Print the entire listing below word for word, excluding its pictures.

Start of DATA SECTION

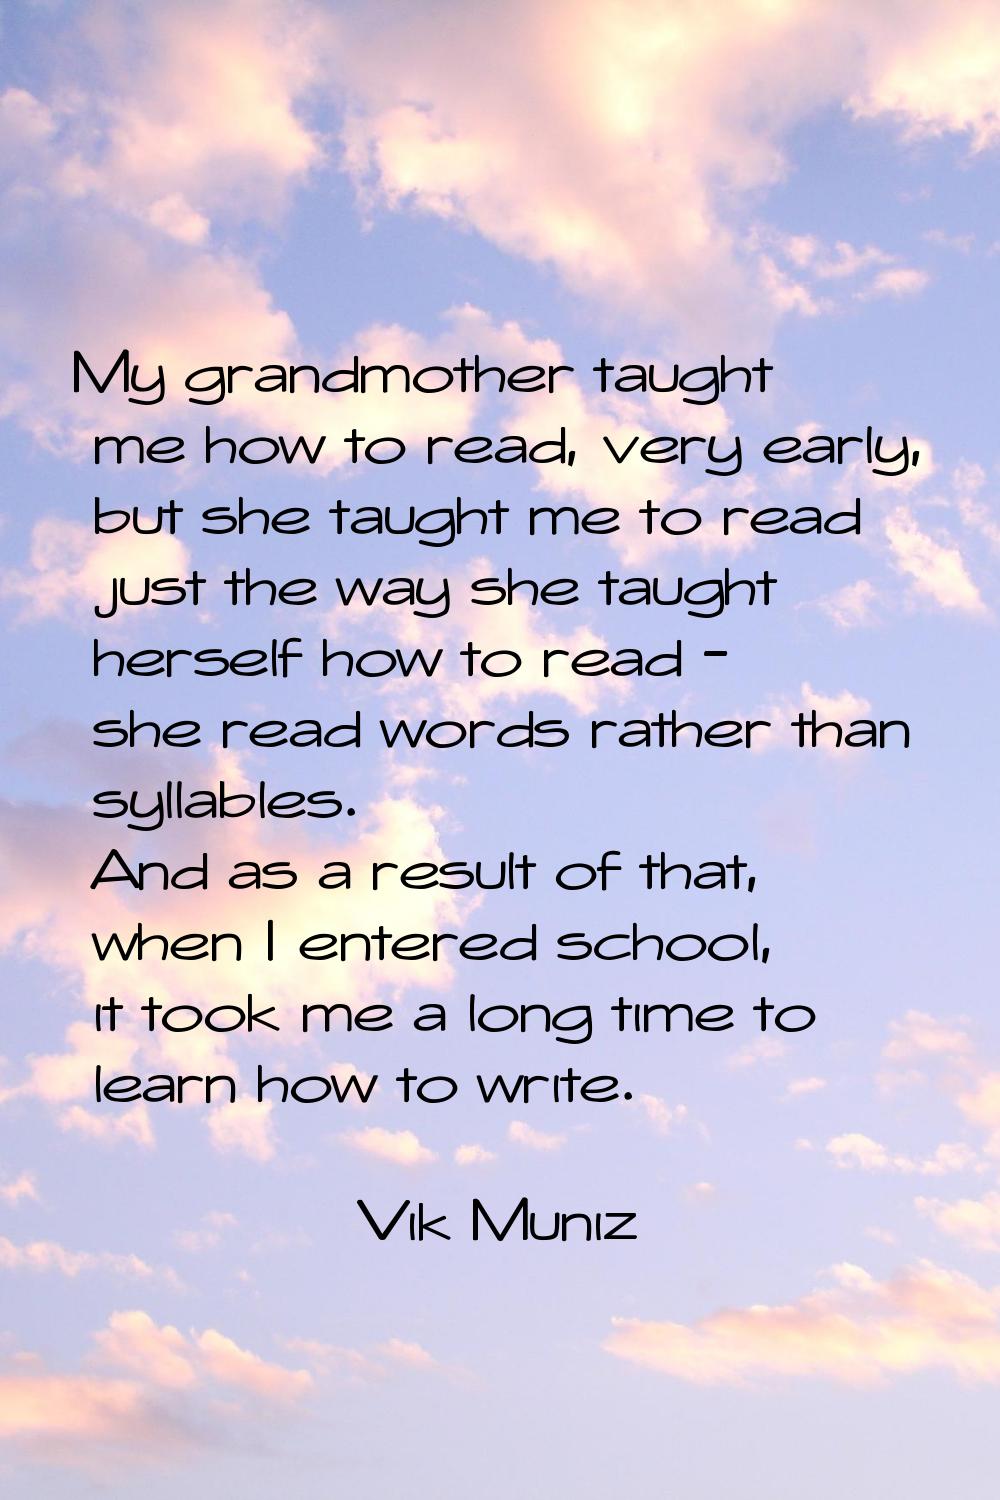 My grandmother taught me how to read, very early, but she taught me to read just the way she taught
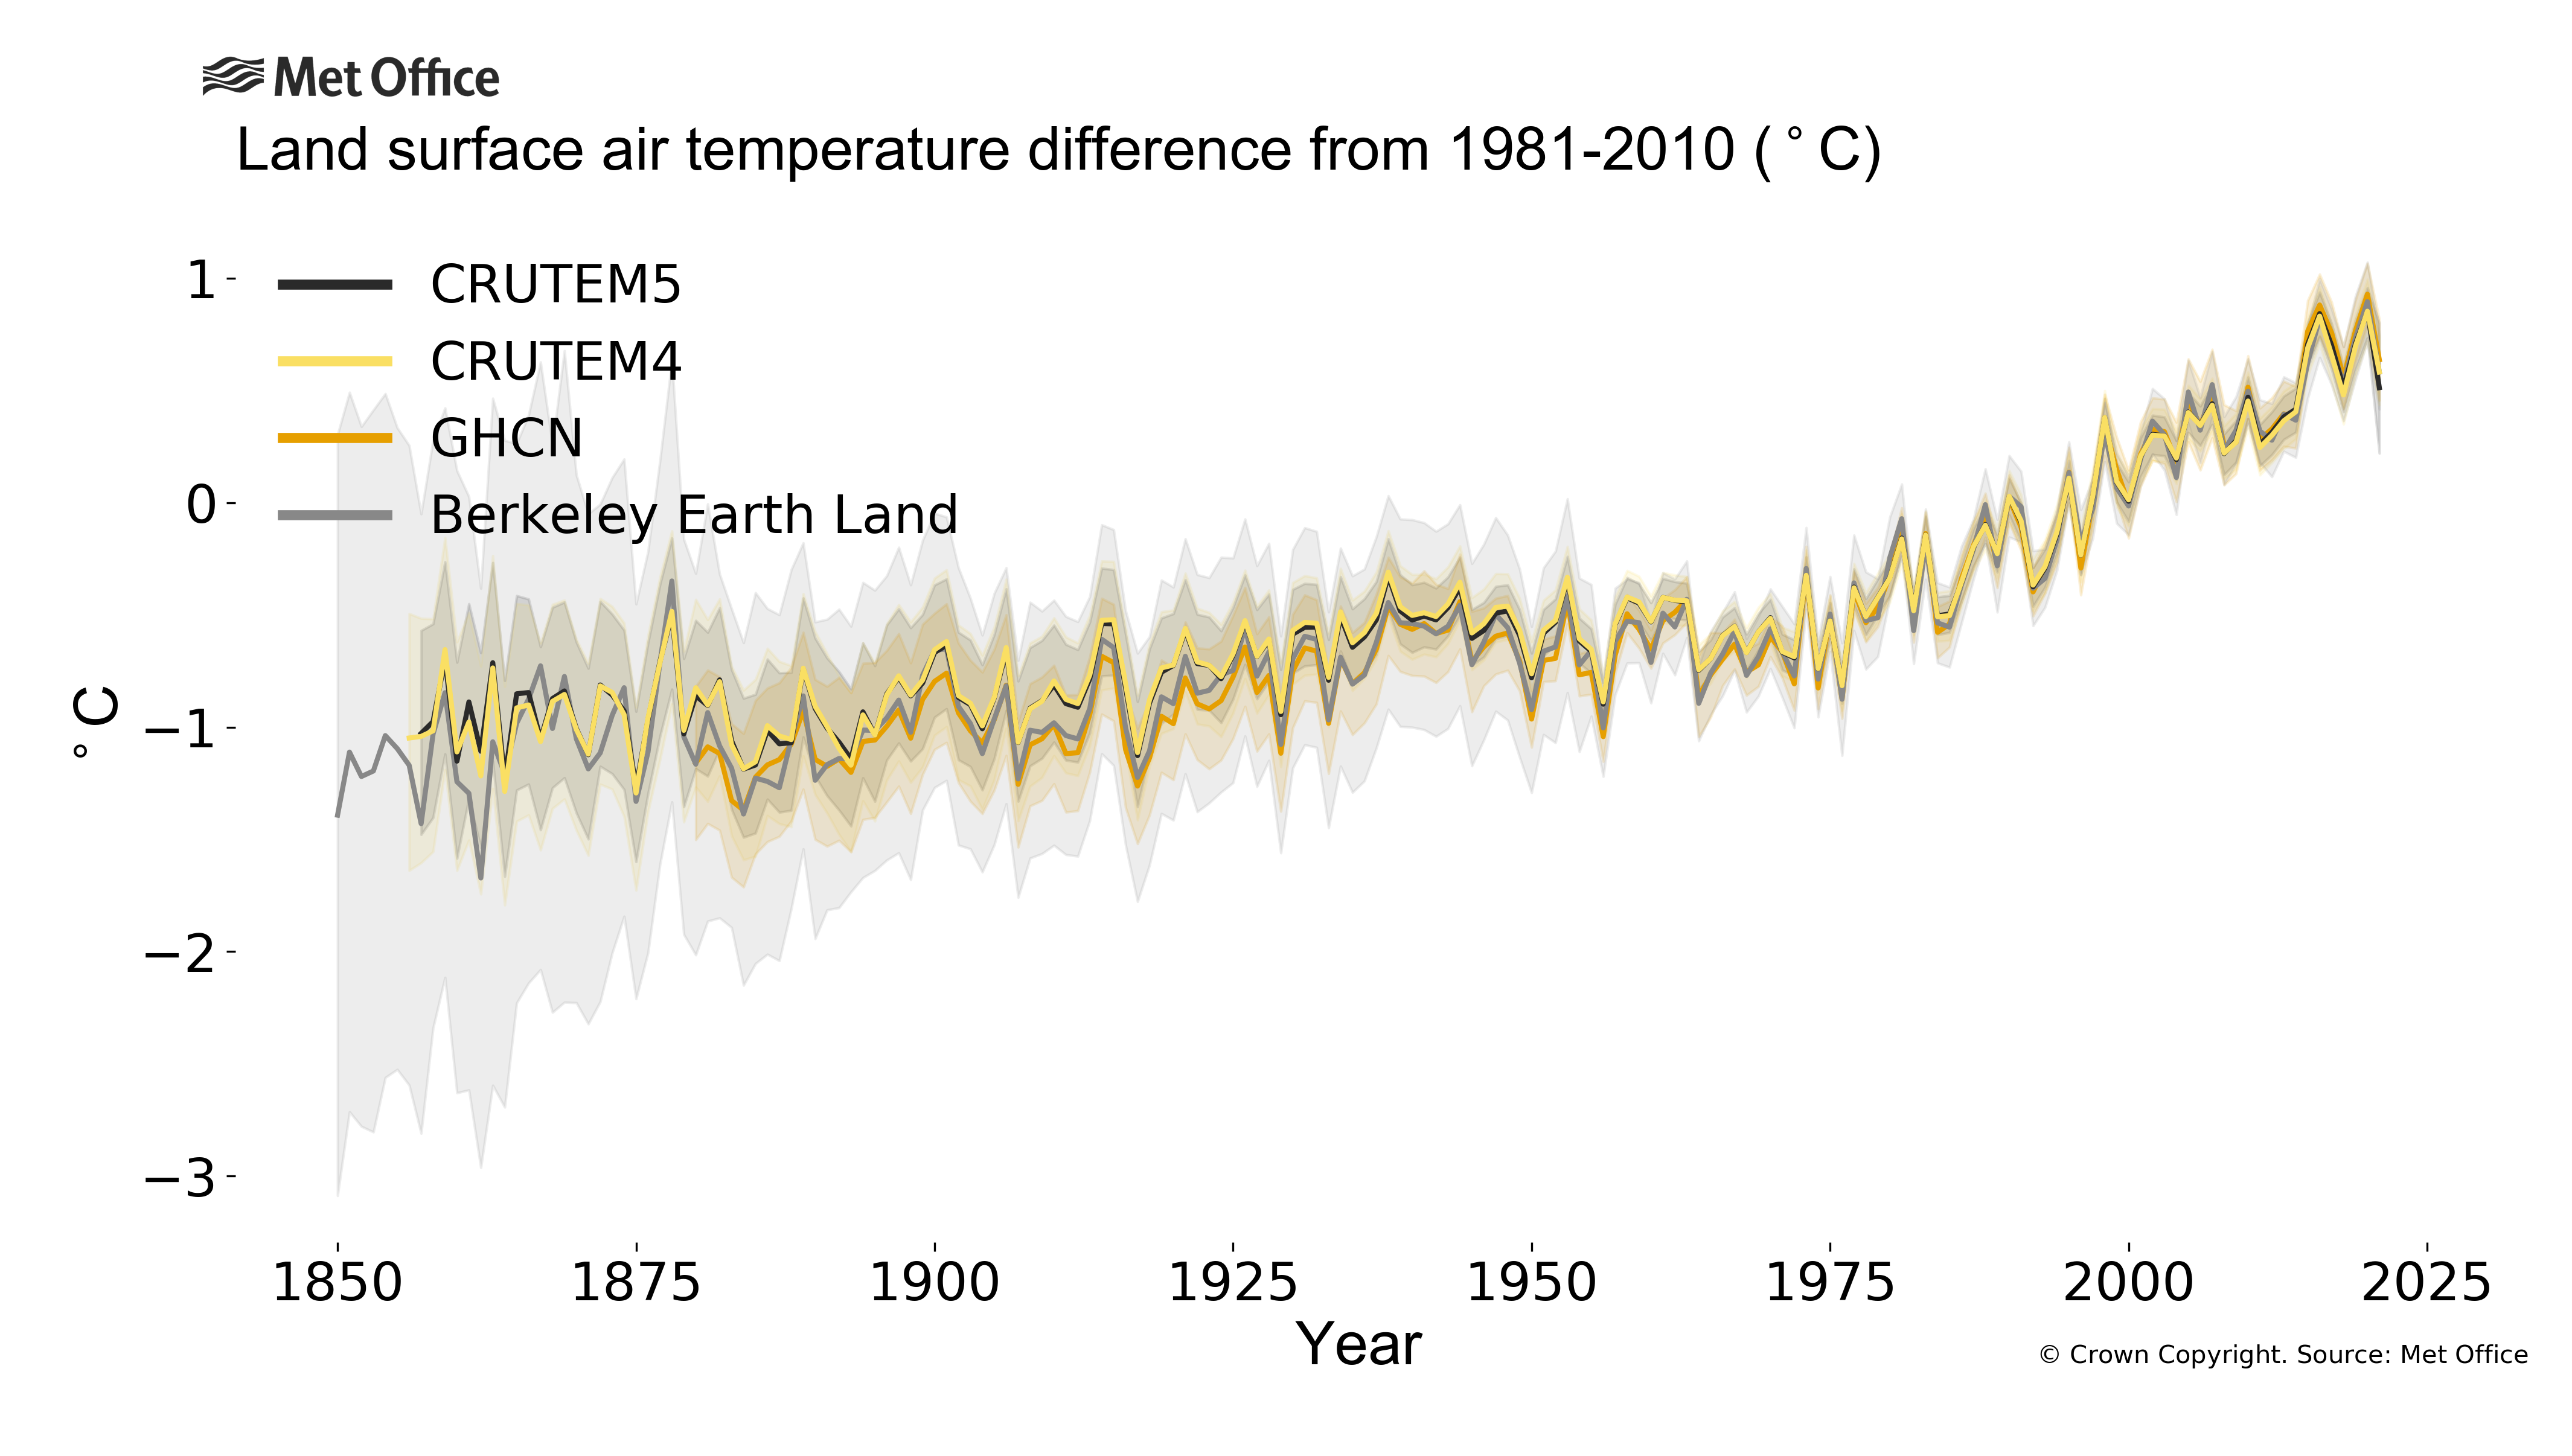 
Annual global mean land-surface temperature difference from 1981-2010 average.
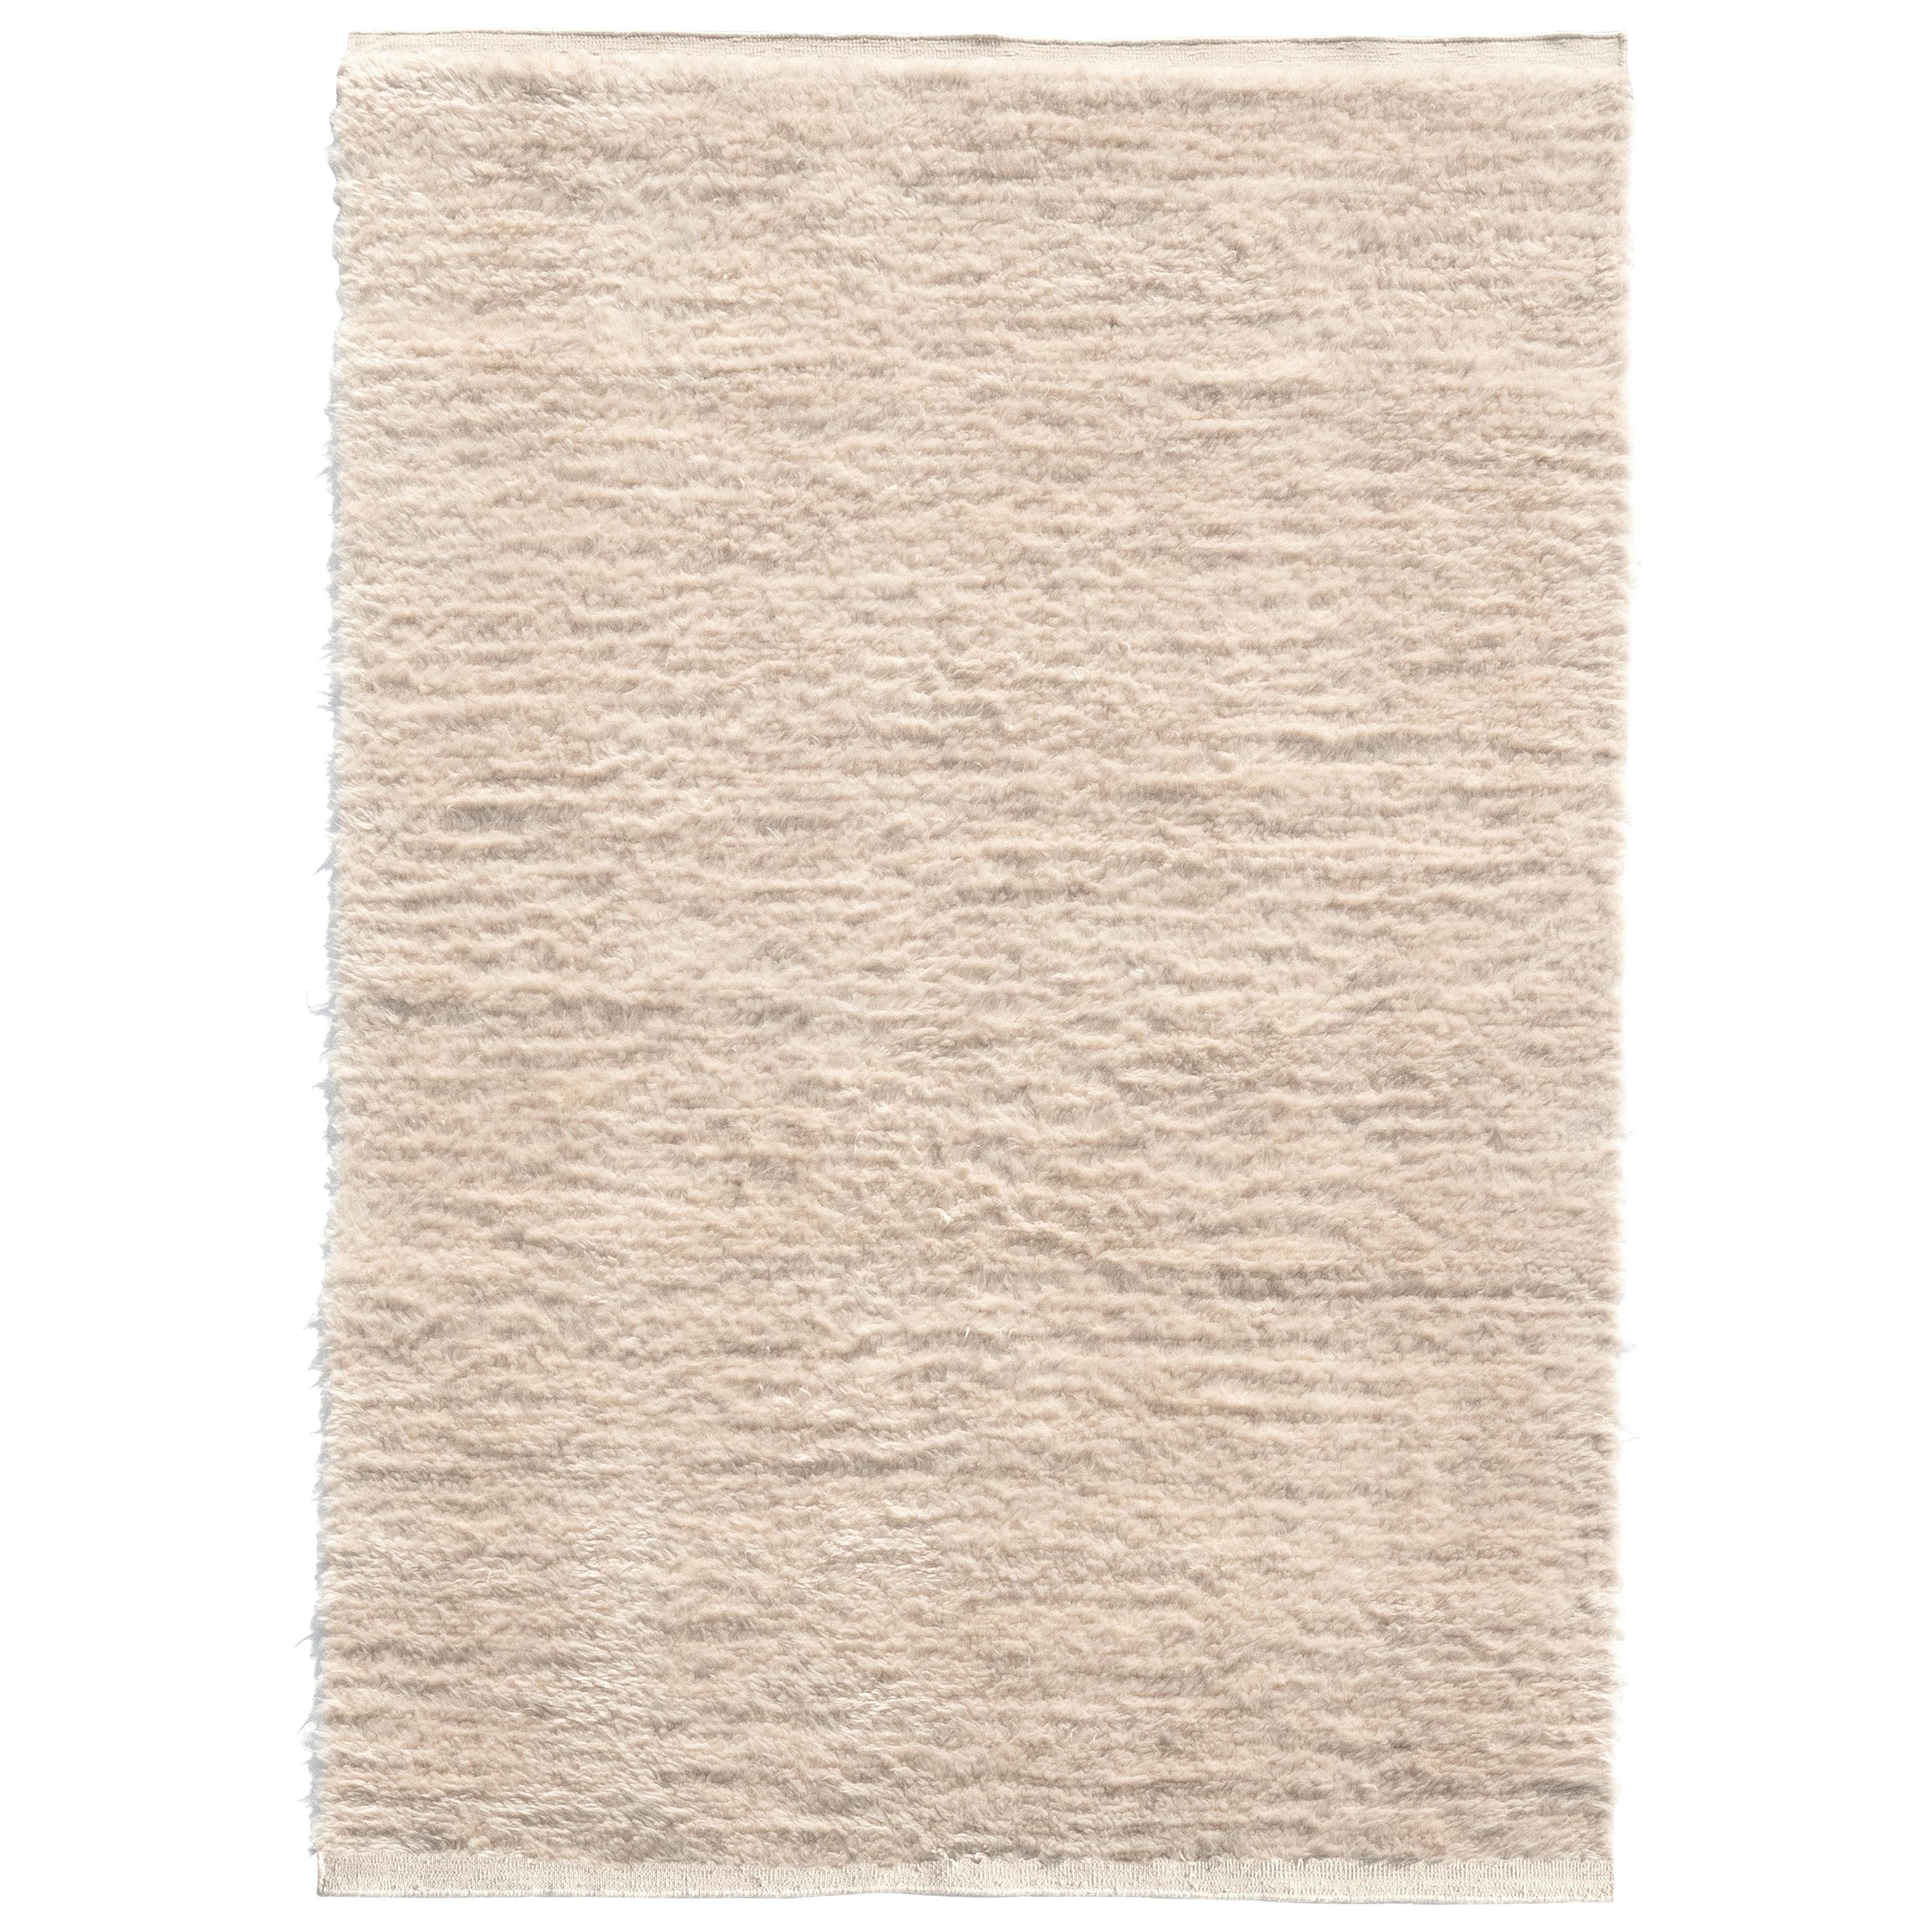 Nanimarquina Wellbeing Wool Chobi Rug in Ivory by Ilse Crawford, Small

End of DATA SECTION

_RESPONSE TO THIS TASK_:
 My grandmother taught me how to read, very early, but she taught me to read just the way she taught
Annual global mean land-surface temperature difference from 1981-2010 average.
 Nanimarquina Wellbeing Wool Chobi Rug in Ivory by Ilse Crawford, Small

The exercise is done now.